Case Study 1: Ravi’s Kirana Shop
Ravi owns a kirana shop in Bangalore. His annual turnover is
₹1.8 crore.
👉 His income clearly
falls under PGBP (business income).
Now here’s the twist—Ravi doesn’t want to maintain tons of
books and accounts. Fair enough, who does? That’s where Presumptive Taxation
(Section 44AD) saves him.
Section 44AD – The Game Changer for Small Businesses
Section 44AD basically says: “If you’re a small business,
don’t bother with big accounts. Just declare a percentage of your turnover as
profit, pay tax, and relax.”
Here’s how it works:
- Turnover
Limit:
Up to ₹2 crore – eligible for presumptive scheme.
(From AY 2024-25 onwards, the limit increased to ₹3 crore IF cash receipts are ≤ 5% of total turnover. Basically, if almost all payments are digital, you get more room.) - Profit
to be Declared:
8% of turnover (if payments are in cash).
6% of turnover (if payments are digital).
So in Ravi’s case (turnover ₹1.8 crore, mostly digital), he
can declare just 6% of ₹1.8 crore = ₹10.8 lakh as profit and pay tax on that.
No headache of maintaining ledgers, GST reconciliations, etc. 🎉
Key Learning: Section 44AD reduces compliance
for small businesses.
Case Study 2: Priya the Freelance Graphic Designer
Priya earns around ₹40 lakhs a year designing logos and
marketing creatives for clients.
👉 Her income falls under
PGBP (professional income).
But here’s the catch—Section 44AD does not apply to
professionals. For her, the correct scheme is Section 44ADA, which
allows presumptive taxation for professionals with gross receipts up to ₹75
lakh.
She needs to declare 50% of her gross
receipts as profit under the presumptive scheme.

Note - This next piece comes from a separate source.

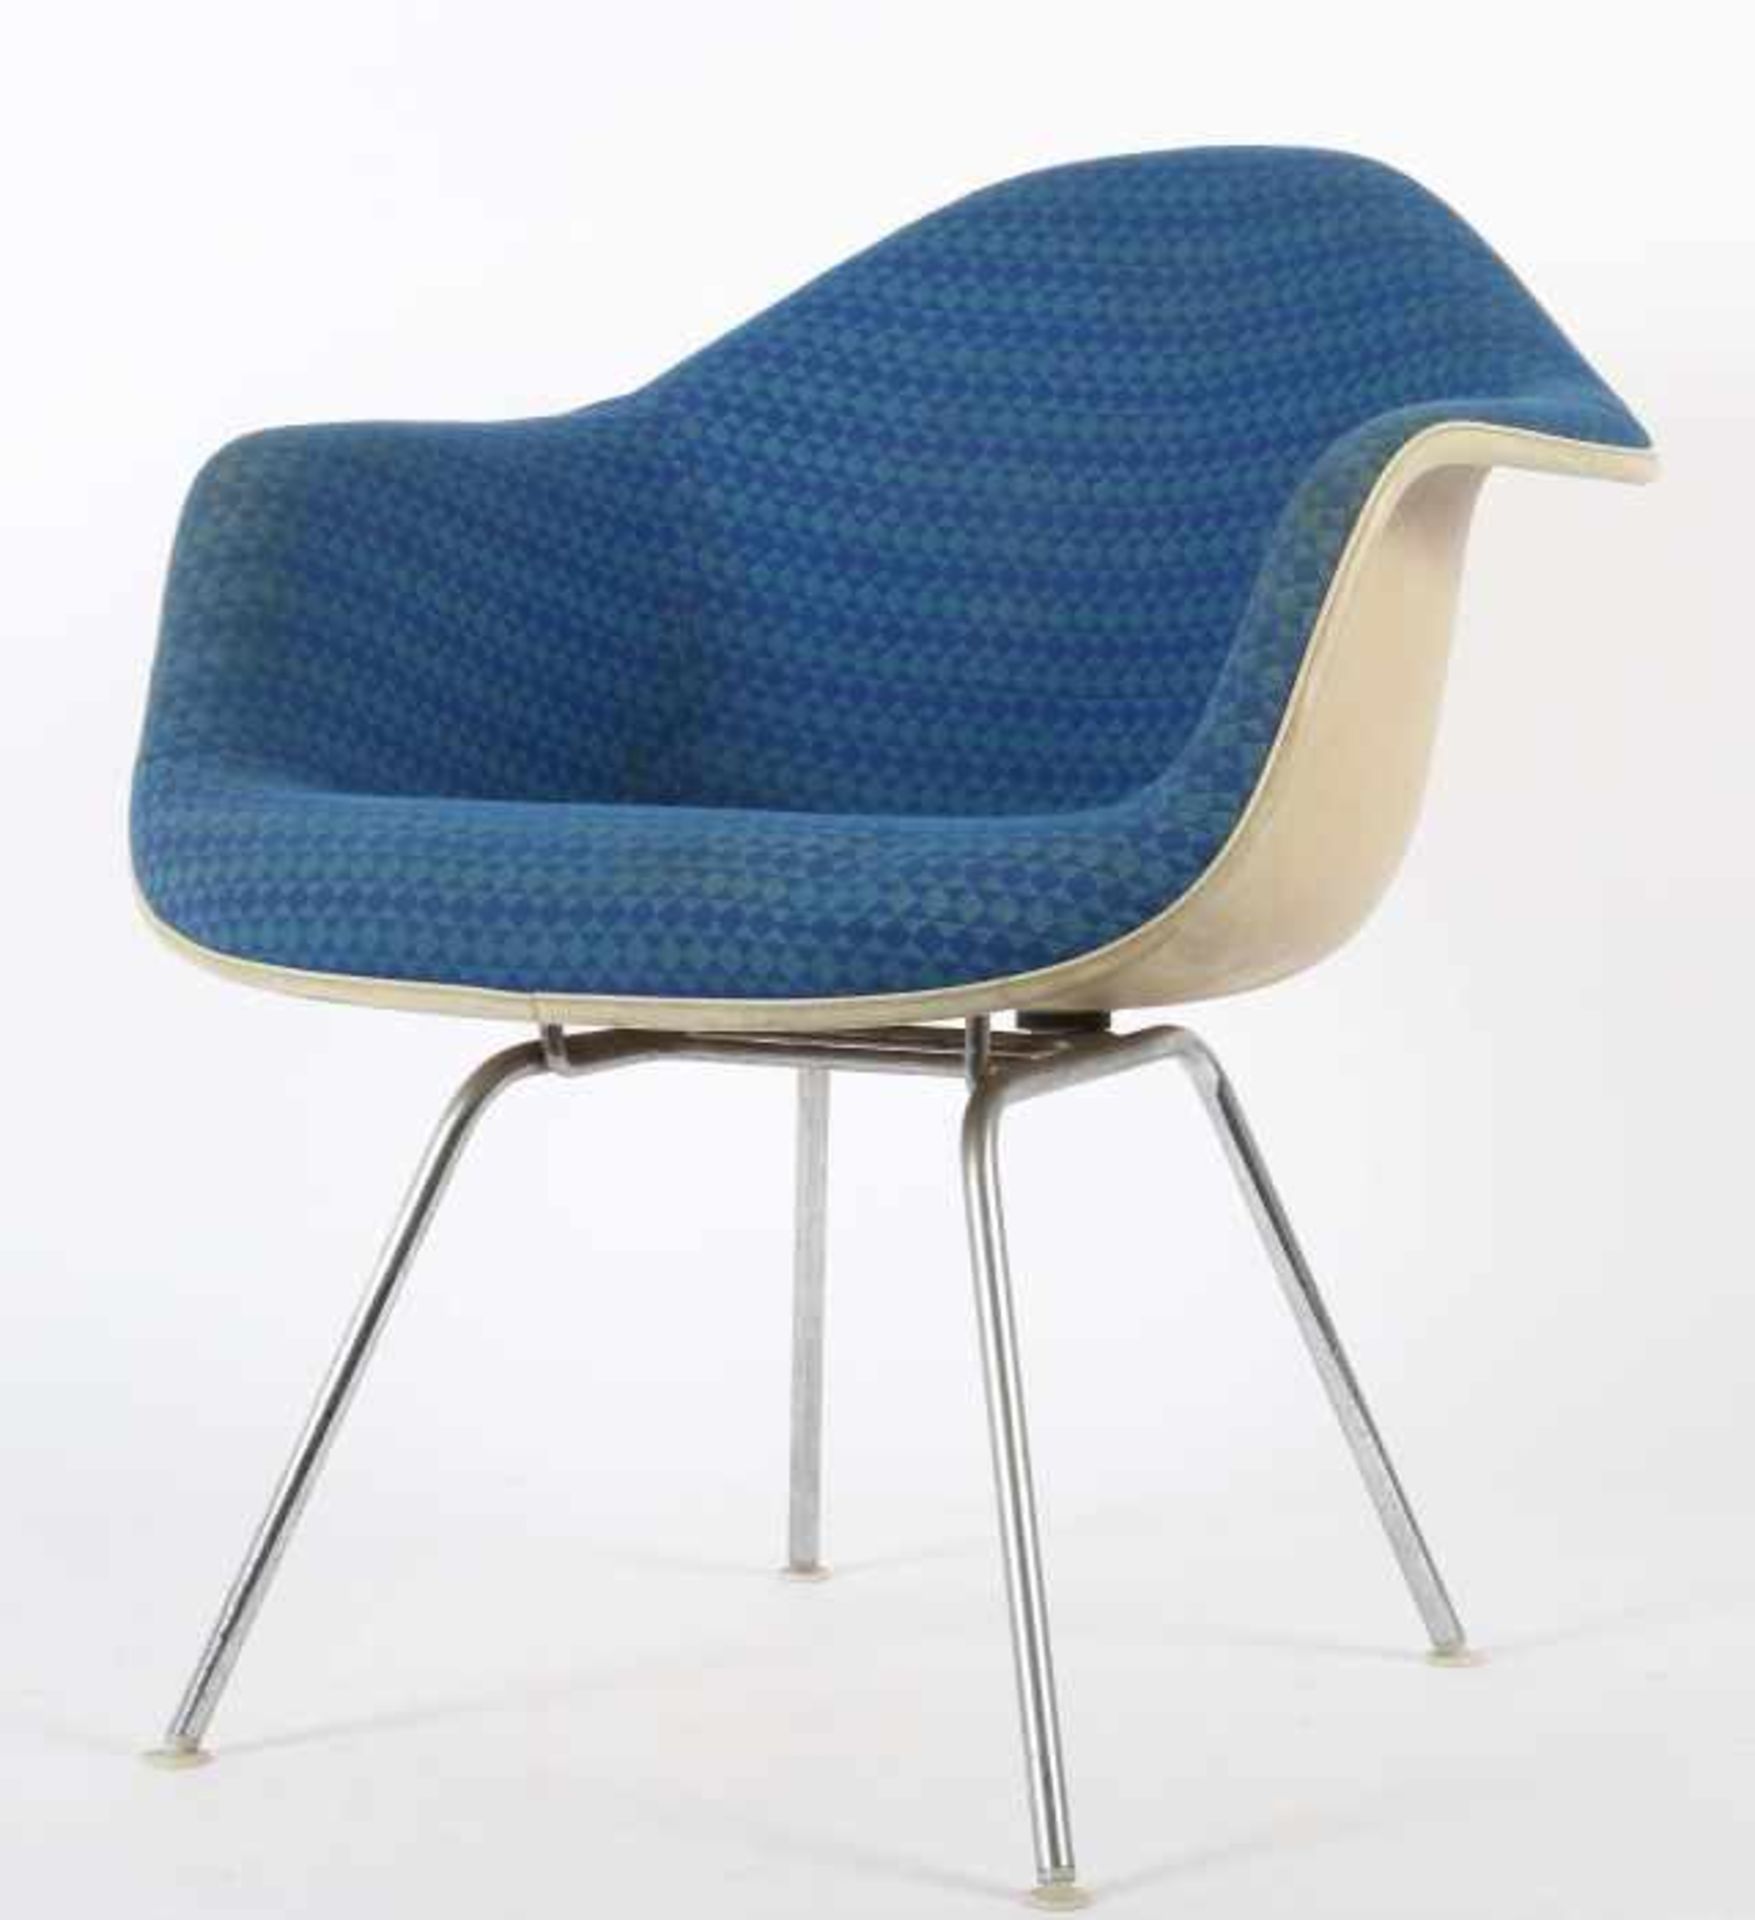 Eames, Ray & Charles Armlehnstuhl "Dax", Entwurf: 1950er Jahre, Ausführung: Herman Miller, 1970er - Bild 2 aus 2

So, ₹20 lakhs is taxed as income.
Key Learning: Professionals (like doctors,
designers, consultants) get a different presumptive option under Section 44ADA,
not 44AD.
Why PGBP Matters
So, why should you even care about all this PGBP talk?
Because:
- Deductions
are allowed: You can claim expenses like rent, salaries, internet
bills, depreciation, etc.
- Special
schemes like 44AD & 44ADA can save you from endless
bookkeeping.
- Tax
planning: Knowing whether your income is business or professional
decides how much you pay and how you file returns.
Quick FAQs People Always Ask
Q1: What are the 5 heads of income under the Income Tax
Act?
Salary, House Property, Business/Profession (PGBP), Capital Gains, Other
Sources
Q2: What is the limit of Section 44AD?
₹2 crore (normal limit).
₹3 crore if cash receipts ≤ 5% of turnover.

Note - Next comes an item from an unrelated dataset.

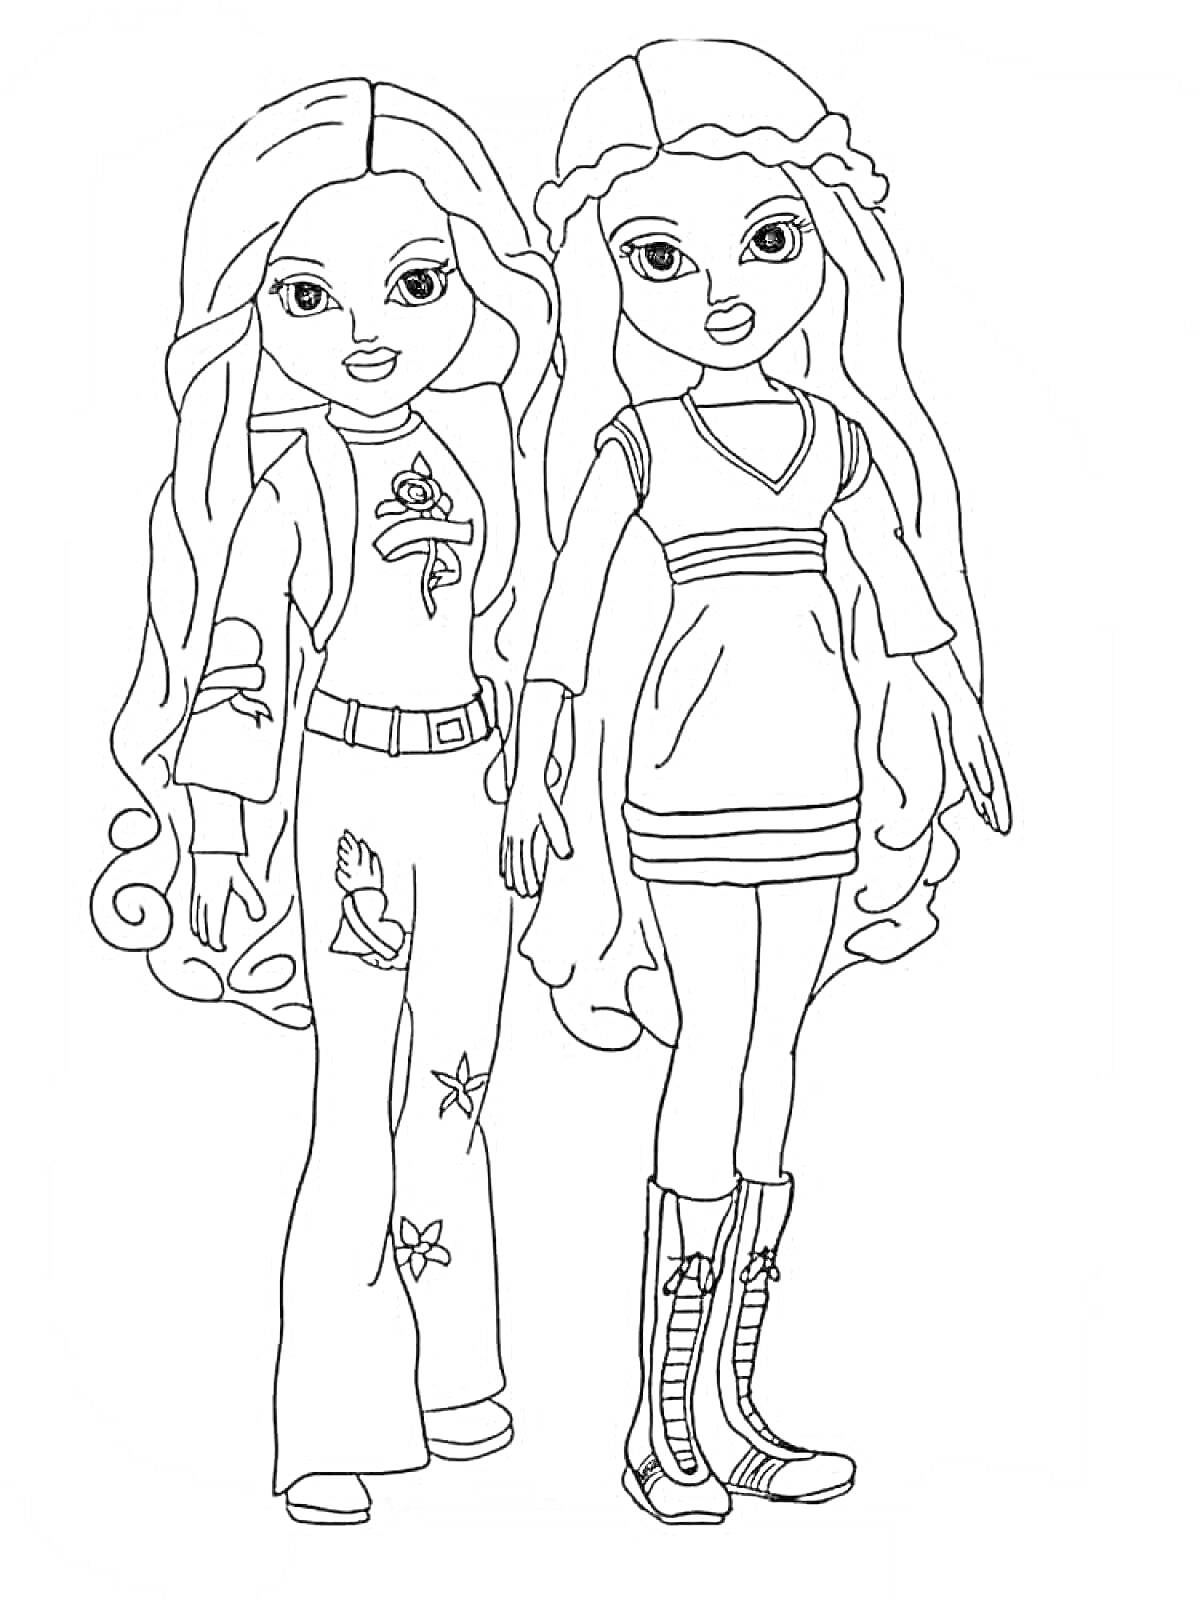 Две девушки-модели с длинными волосами, украшениями на одежде и обуви

Q3: Can professionals like doctors and lawyers use
Section 44AD?
Nope. They must use Section 44ADA.
Q4: Do I need to maintain books if I use 44AD or 44ADA?

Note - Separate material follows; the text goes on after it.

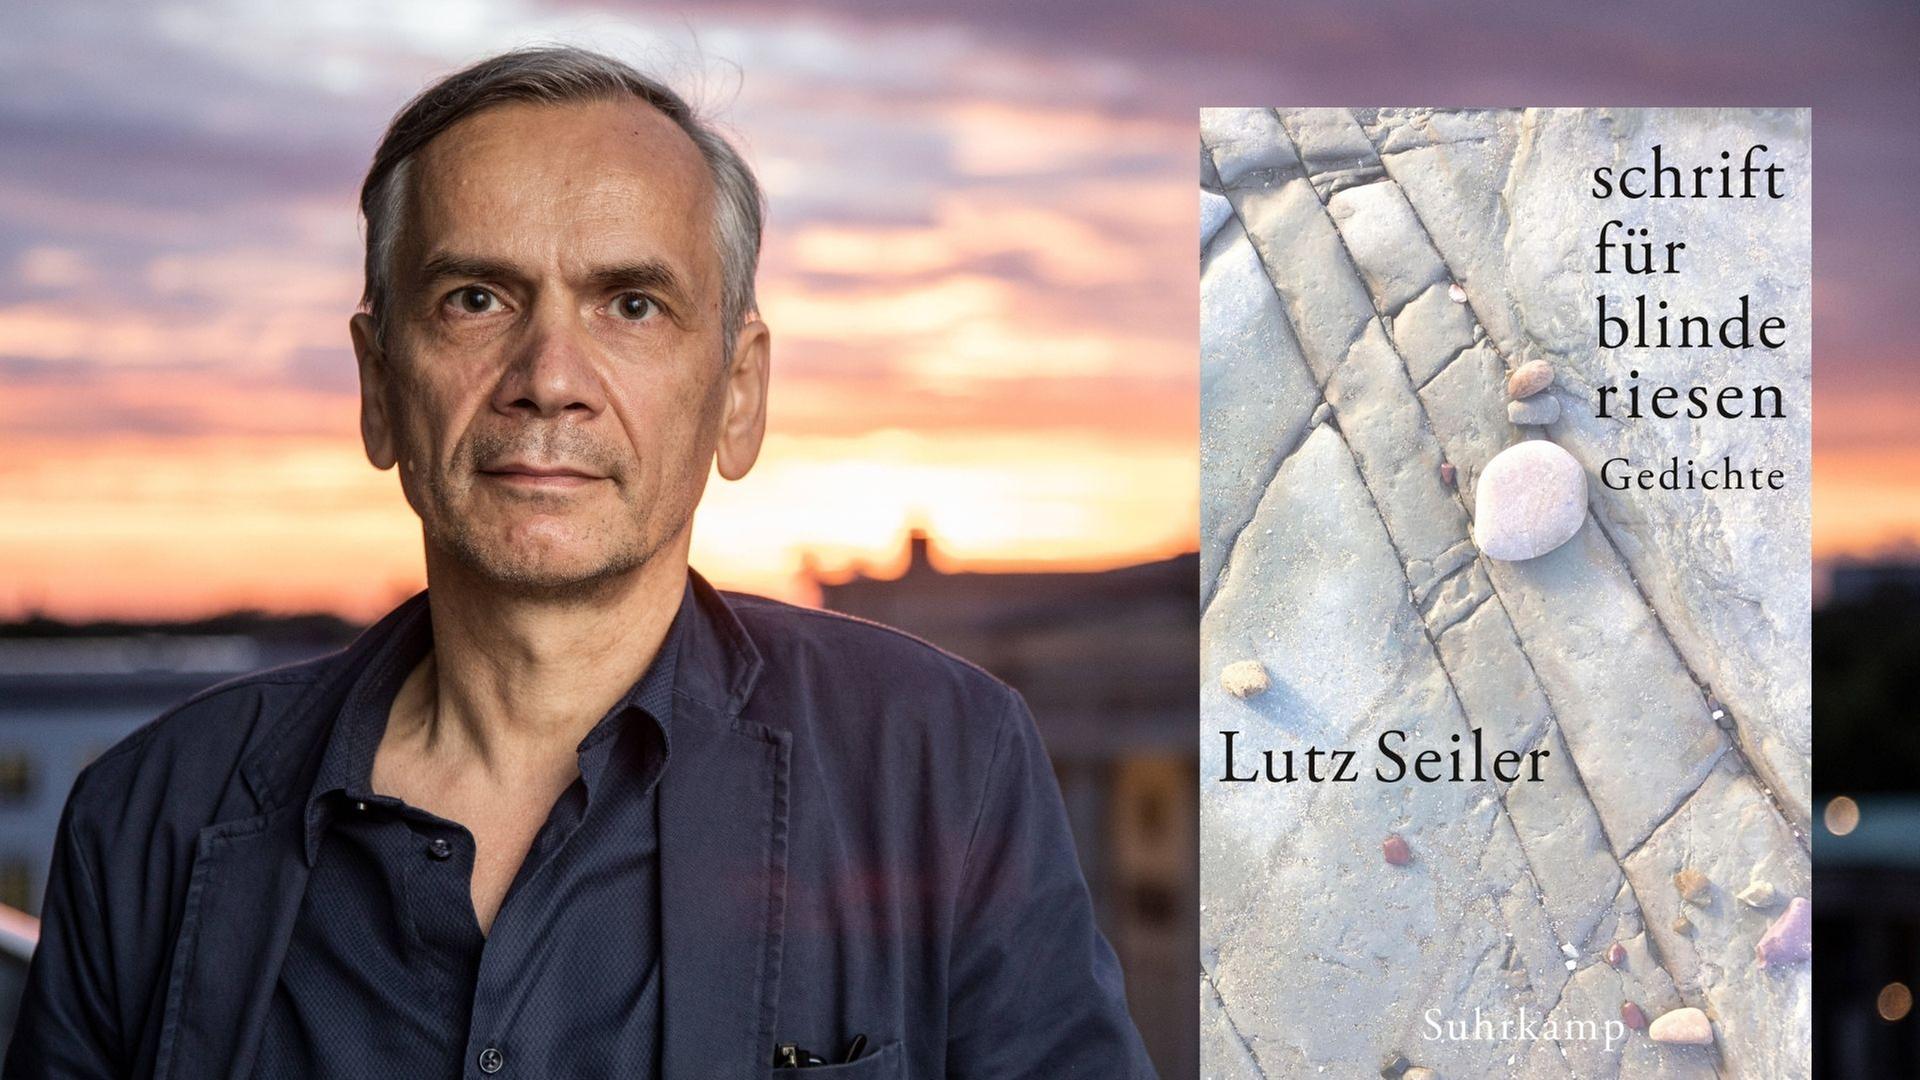 Der Schriftsteller Lutz Seiler und sein Gedichtband "schrift für blinde riesen"

No, that’s the whole point—you can avoid detailed bookkeeping.
Wrapping It Up
PGBP is simply the bucket where business and professional
incomes go for tax purposes. Whether you’re a shopkeeper, a freelancer, or a
consultant—your income most likely fits here.
- Small
businesses can use Section 44AD (limit: ₹2 crore / ₹3 crore if mostly
digital).
- Professionals
can use Section 44ADA (limit: ₹75 lakh).
- Both
schemes reduce compliance and save time.
👉 Pro tip: Always
check whether you’re eligible for presumptive schemes before slogging with
detailed accounts. It can literally save you hours of paperwork.